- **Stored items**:
────────────────────────────────────────

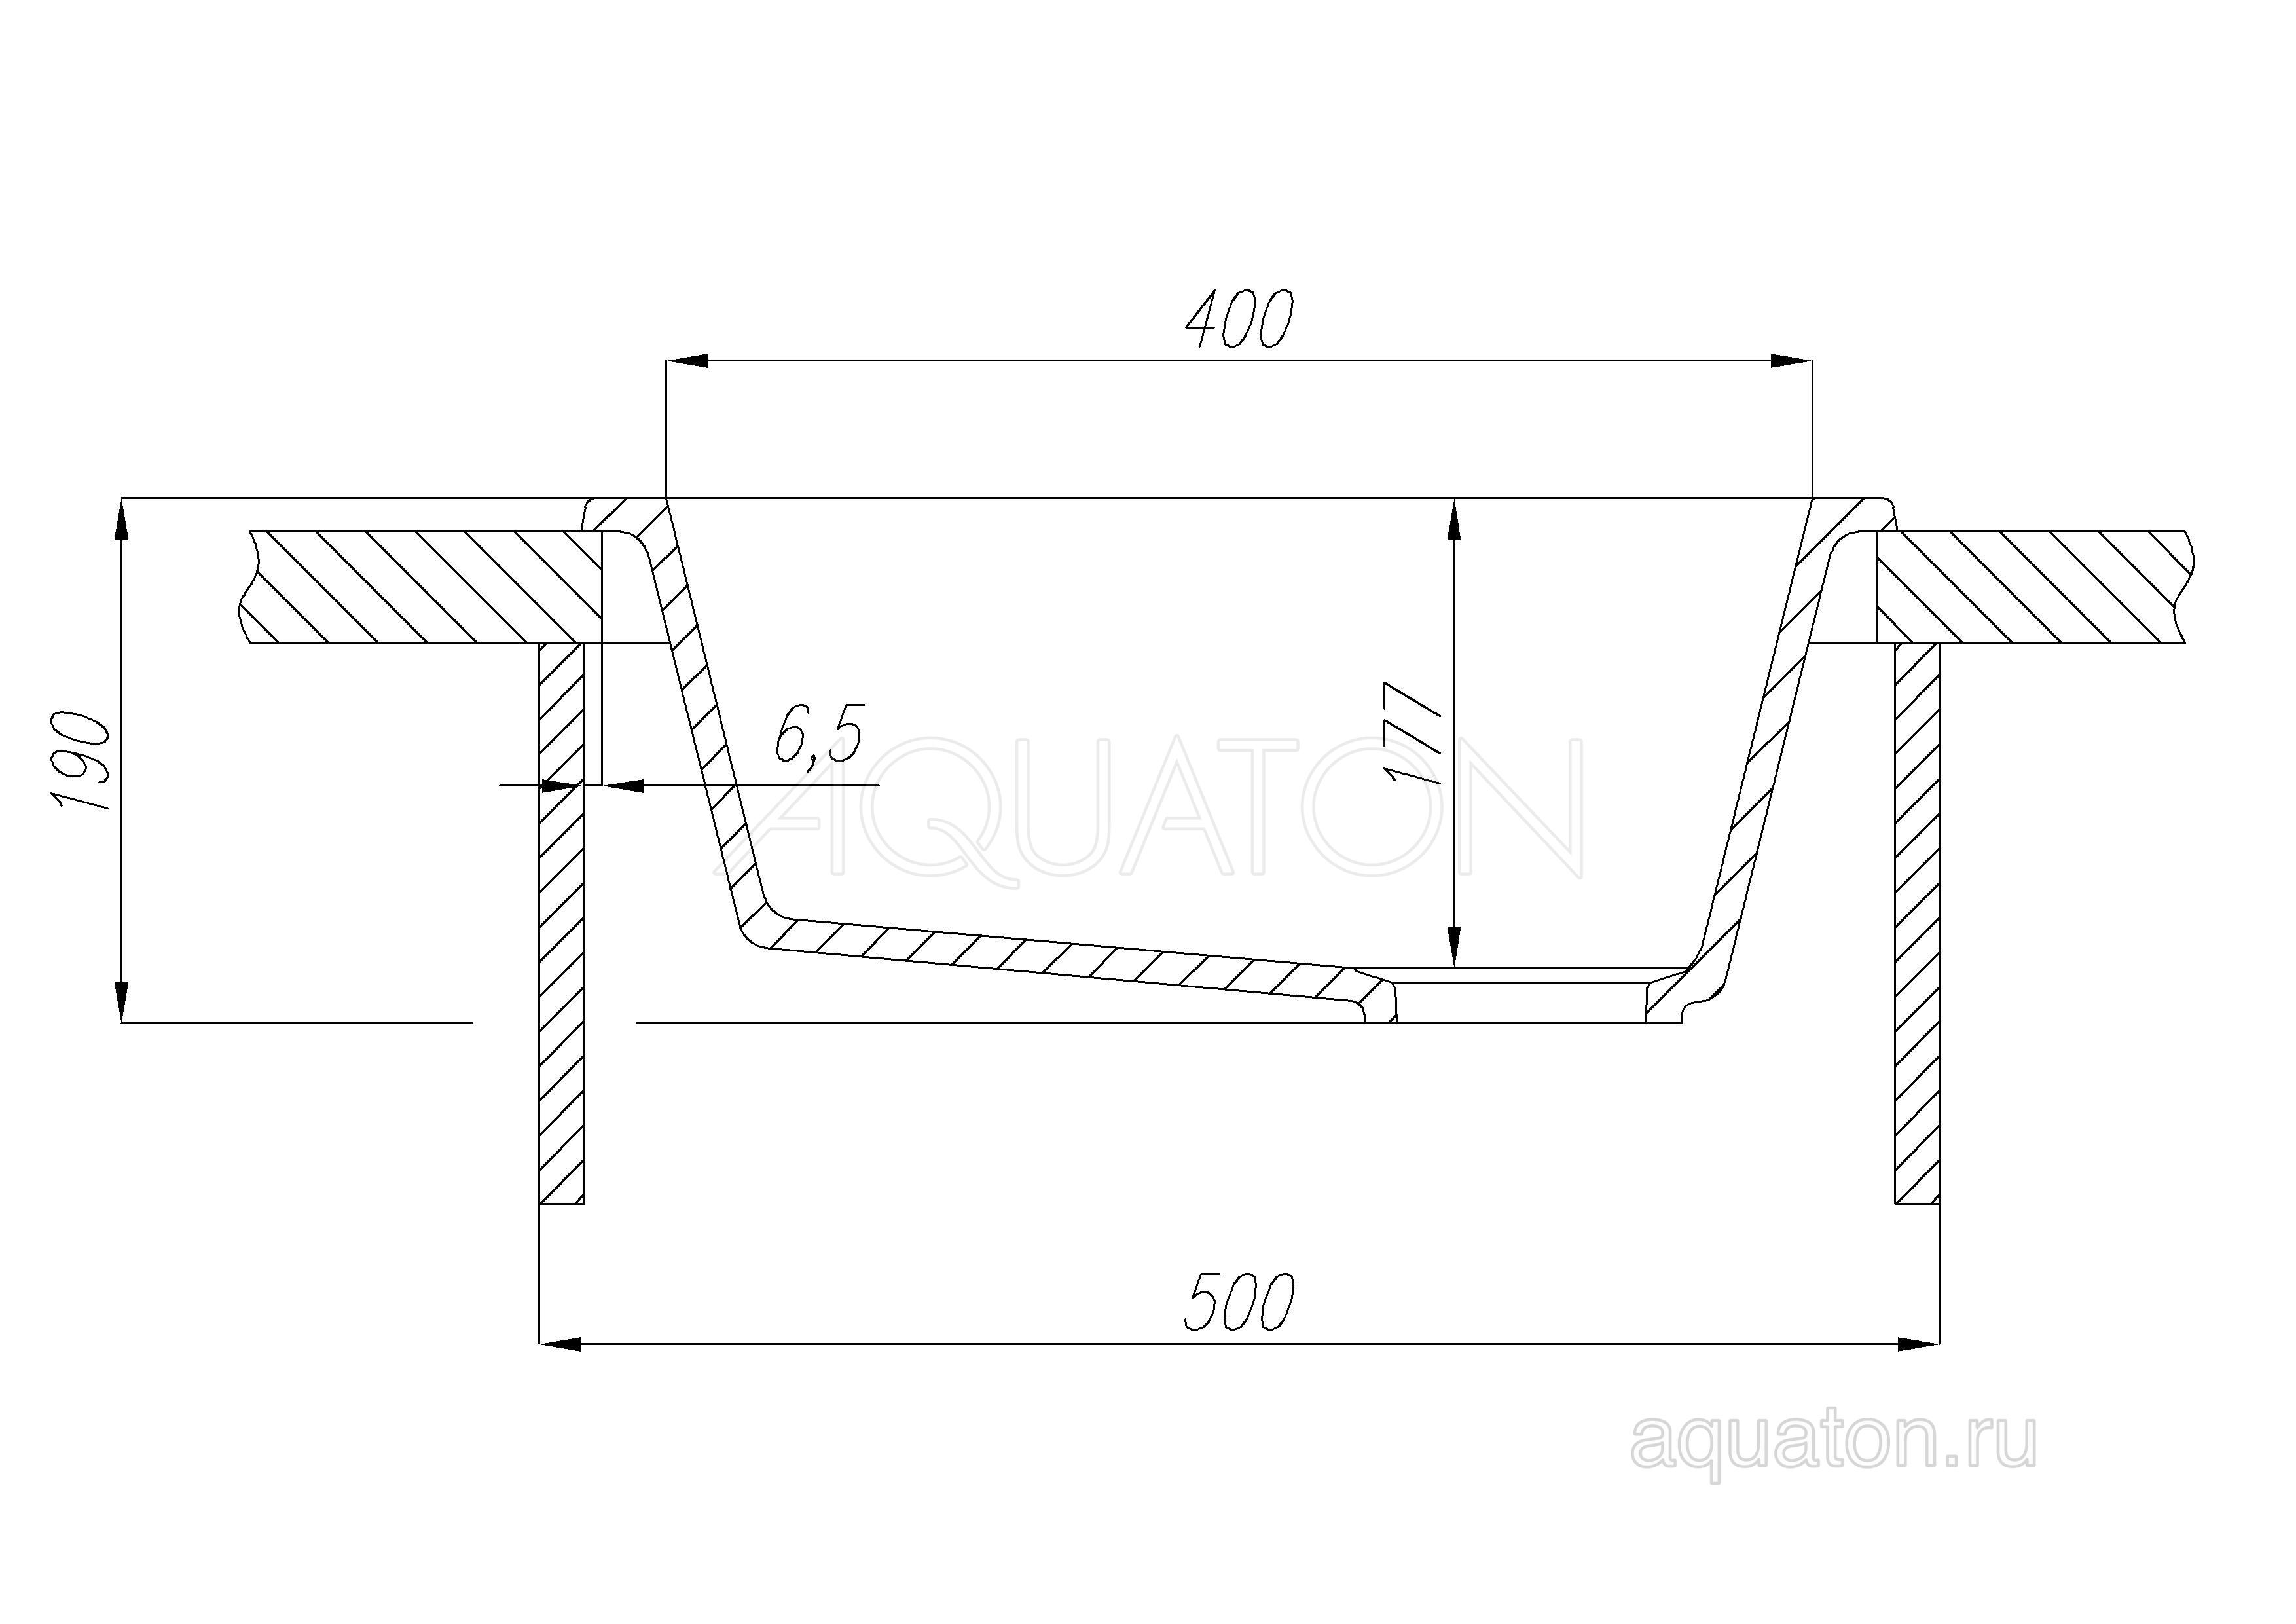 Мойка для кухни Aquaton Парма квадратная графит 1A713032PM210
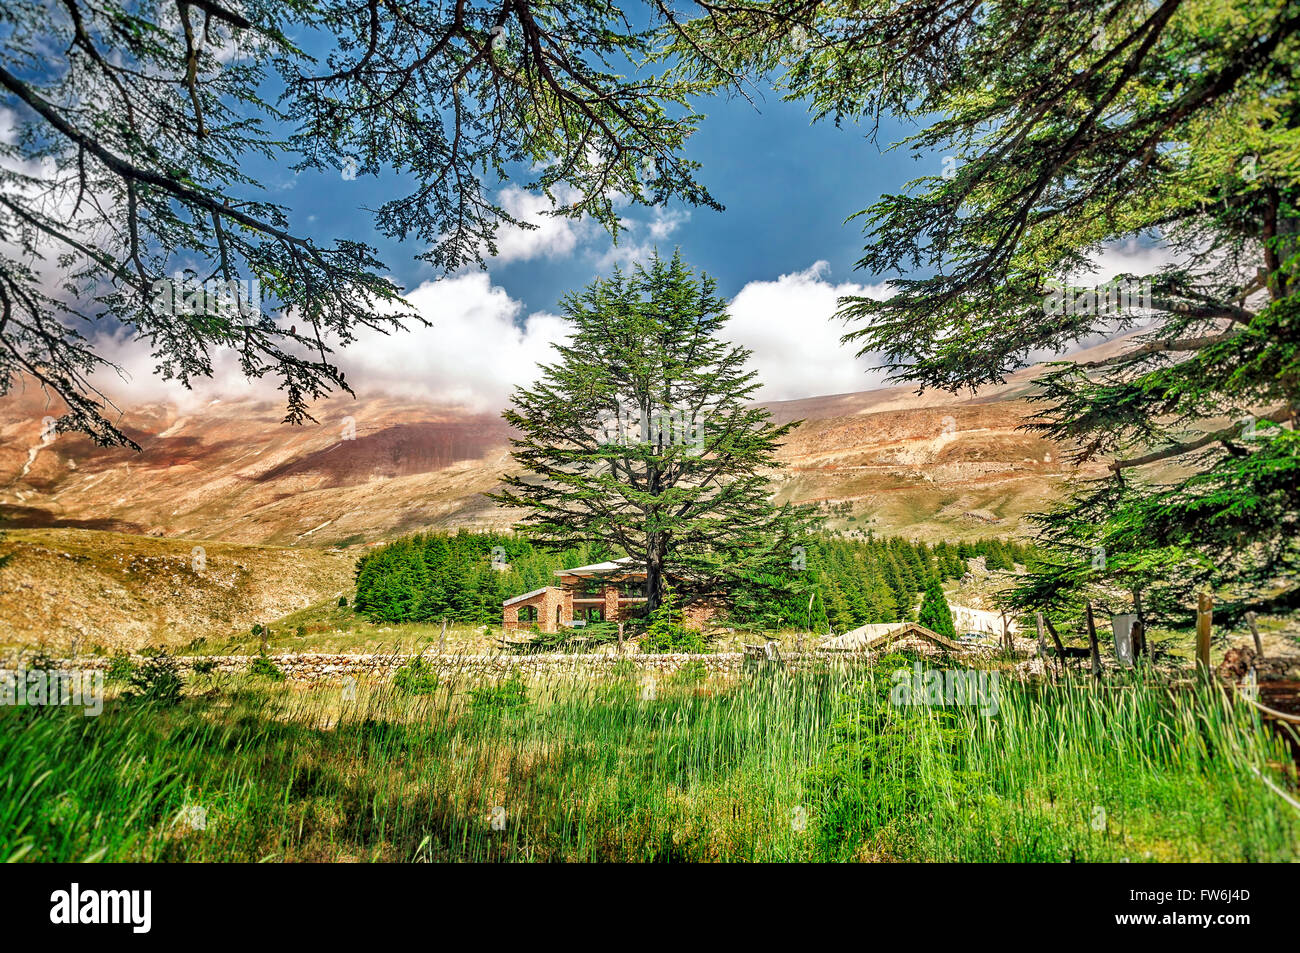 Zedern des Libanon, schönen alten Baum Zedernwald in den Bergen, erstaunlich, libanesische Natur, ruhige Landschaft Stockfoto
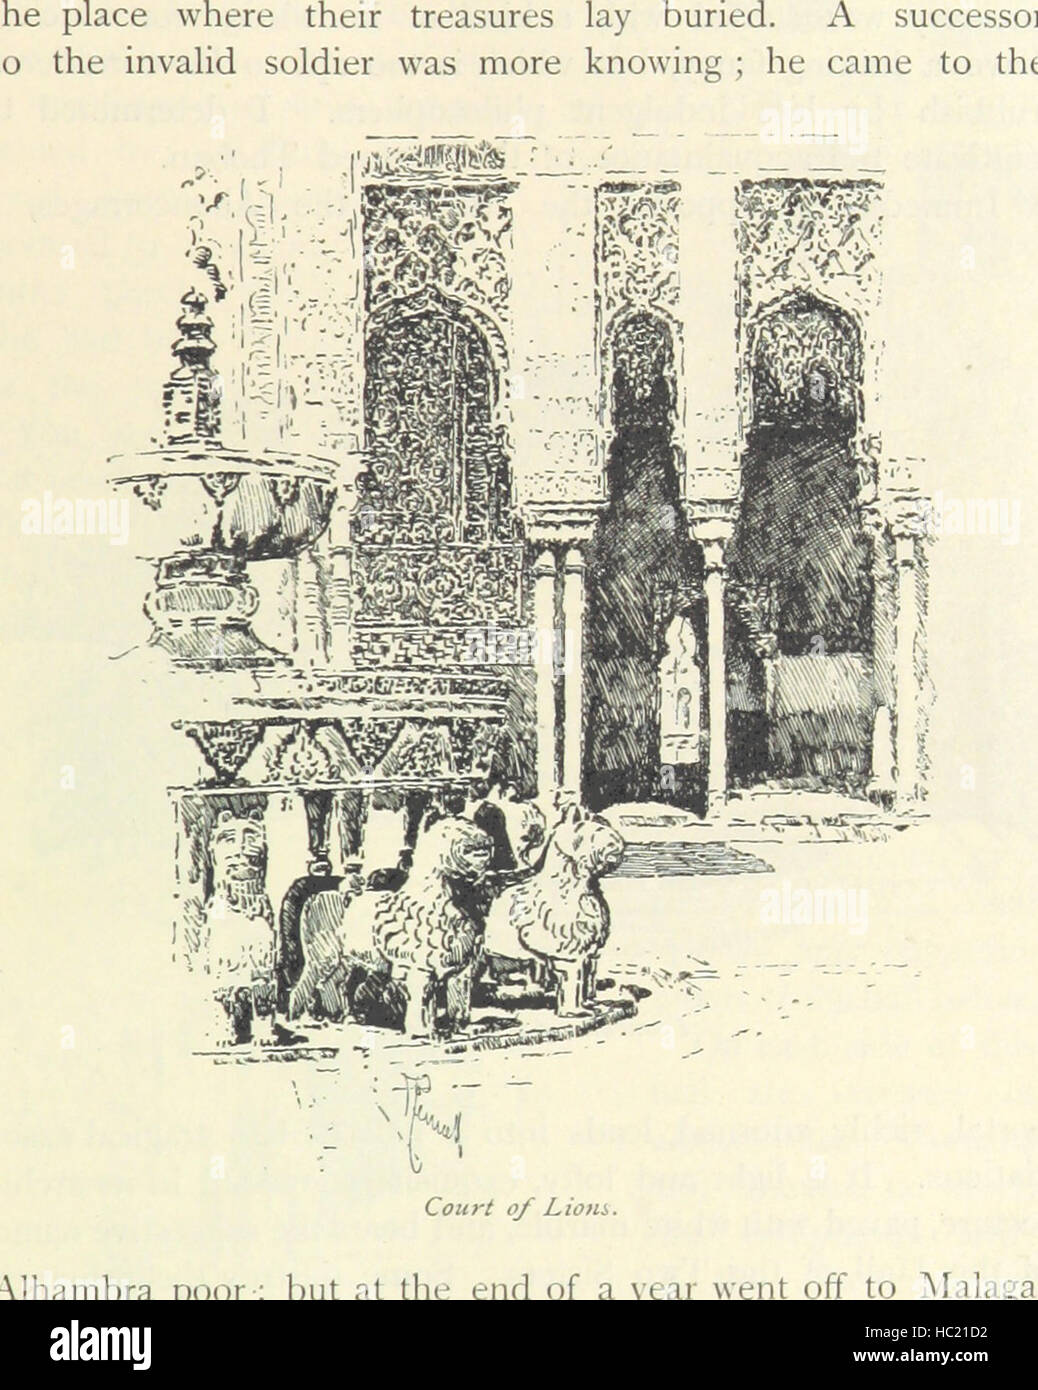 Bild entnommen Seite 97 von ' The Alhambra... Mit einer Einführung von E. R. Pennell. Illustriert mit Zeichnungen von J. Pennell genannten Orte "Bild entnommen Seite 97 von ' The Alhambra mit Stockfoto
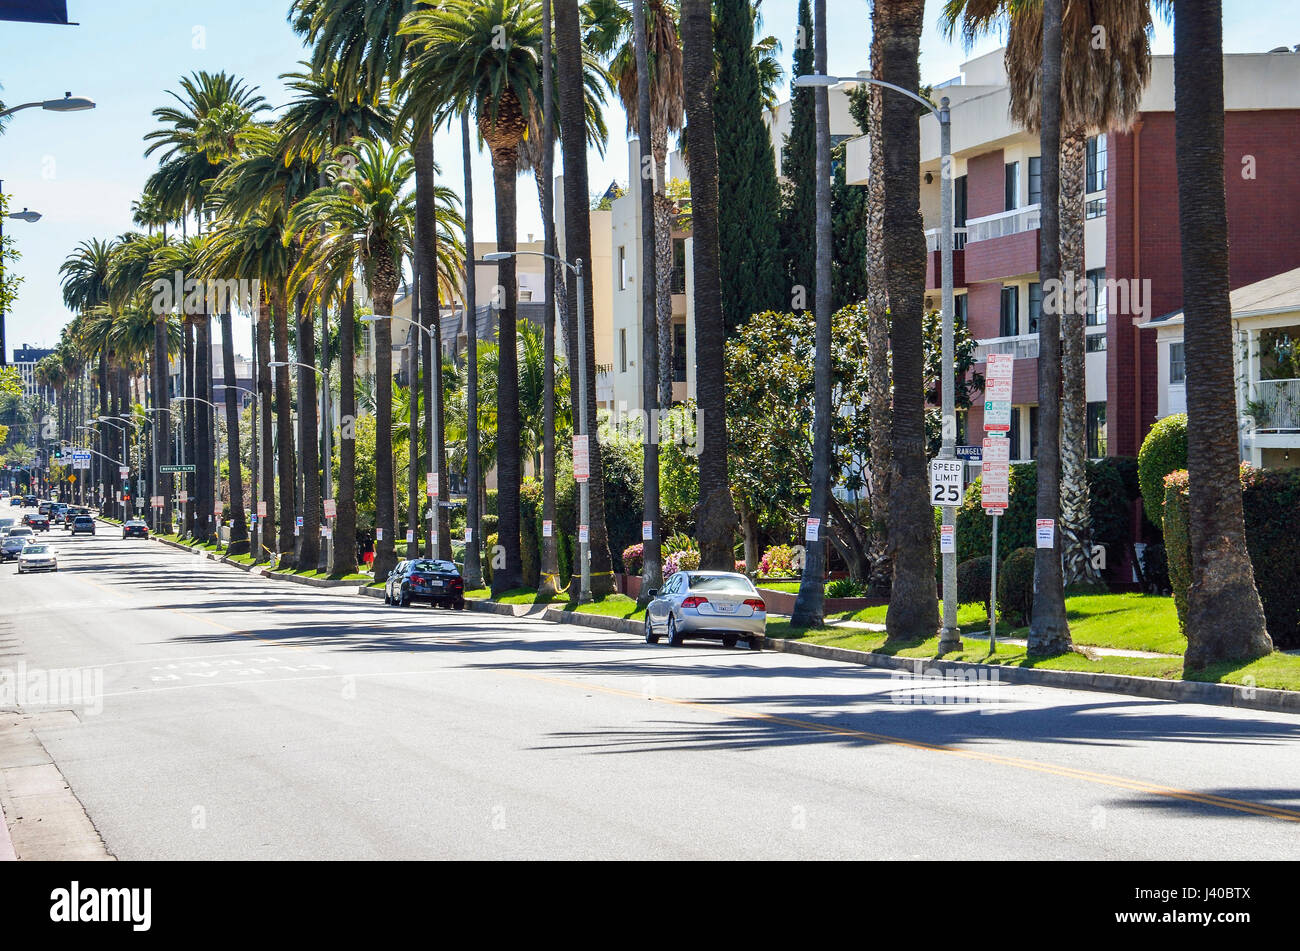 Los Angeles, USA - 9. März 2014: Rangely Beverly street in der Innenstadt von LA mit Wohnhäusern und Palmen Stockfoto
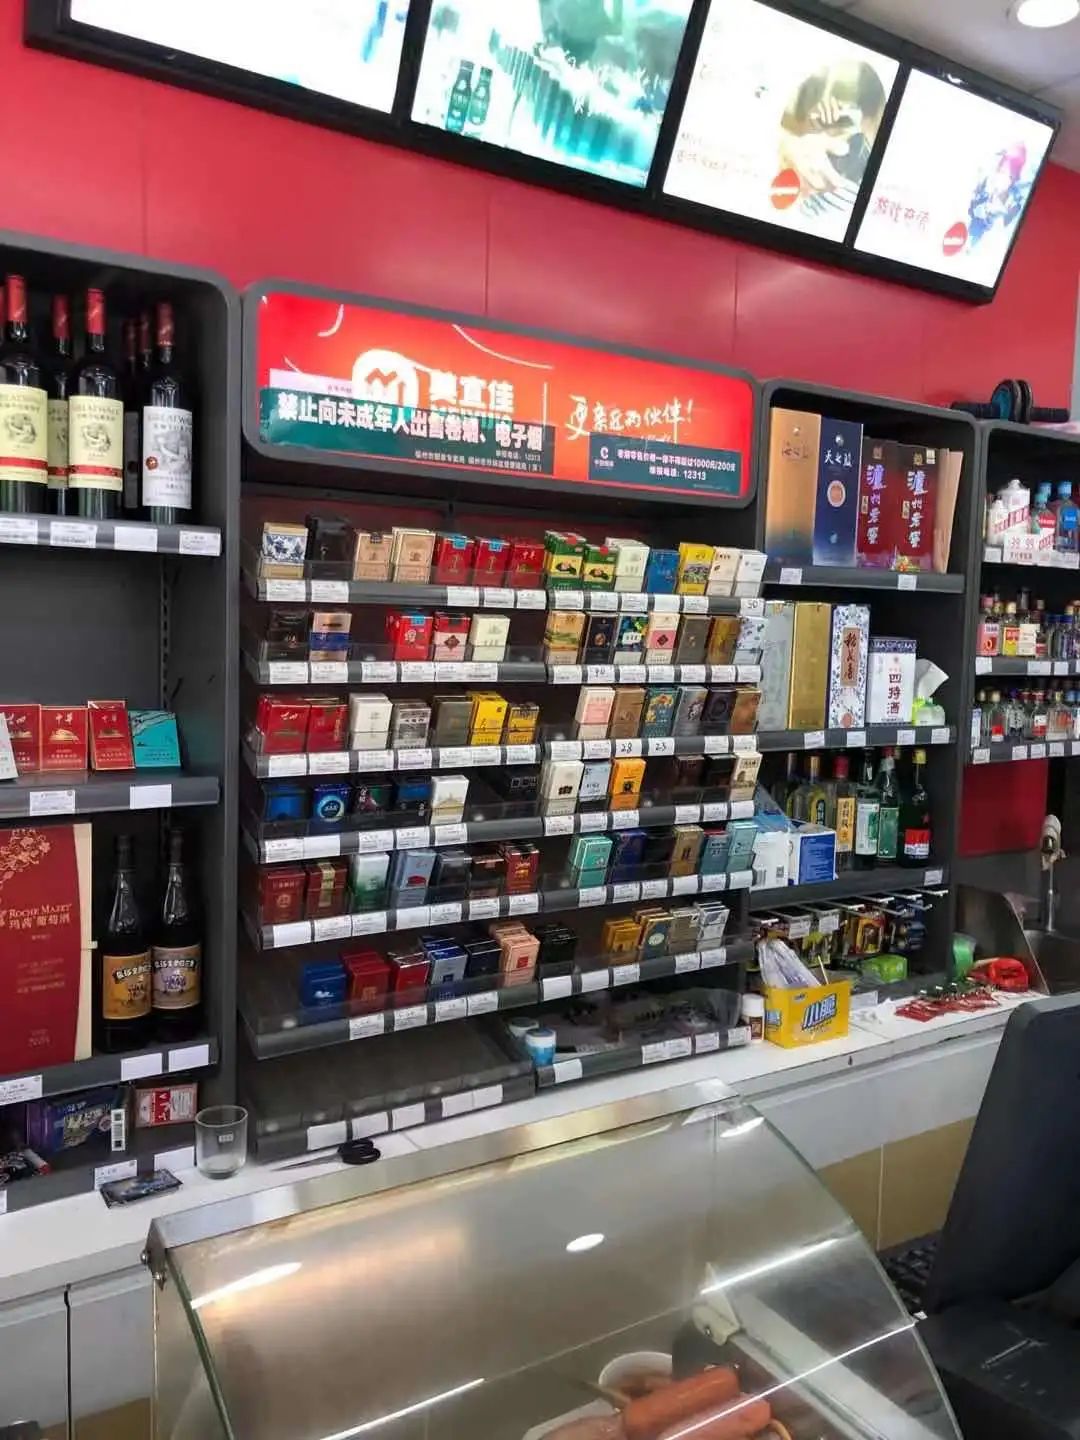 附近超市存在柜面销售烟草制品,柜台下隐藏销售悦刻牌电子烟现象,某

────────────────────────────────────────

- **WORK ORDER**:
Restate the records above exactly, less any pictures.

- **EXERCISE RESULT**:
 Мойка для кухни Aquaton Парма квадратная графит 1A713032PM210
 Zedern des Libanon, schönen alten Baum Zedernwald in den Bergen, erstaunlich, libanesische Natur, ruhige Landschaft Stockfoto
 Bild entnommen Seite 97 von ' The Alhambra... Mit einer Einführung von E. R. Pennell. Illustriert mit Zeichnungen von J. Pennell genannten Orte "Bild entnommen Seite 97 von ' The Alhambra mit Stockfoto
 Los Angeles, USA - 9. März 2014: Rangely Beverly street in der Innenstadt von LA mit Wohnhäusern und Palmen Stockfoto
 附近超市存在柜面销售烟草制品,柜台下隐藏销售悦刻牌电子烟现象,某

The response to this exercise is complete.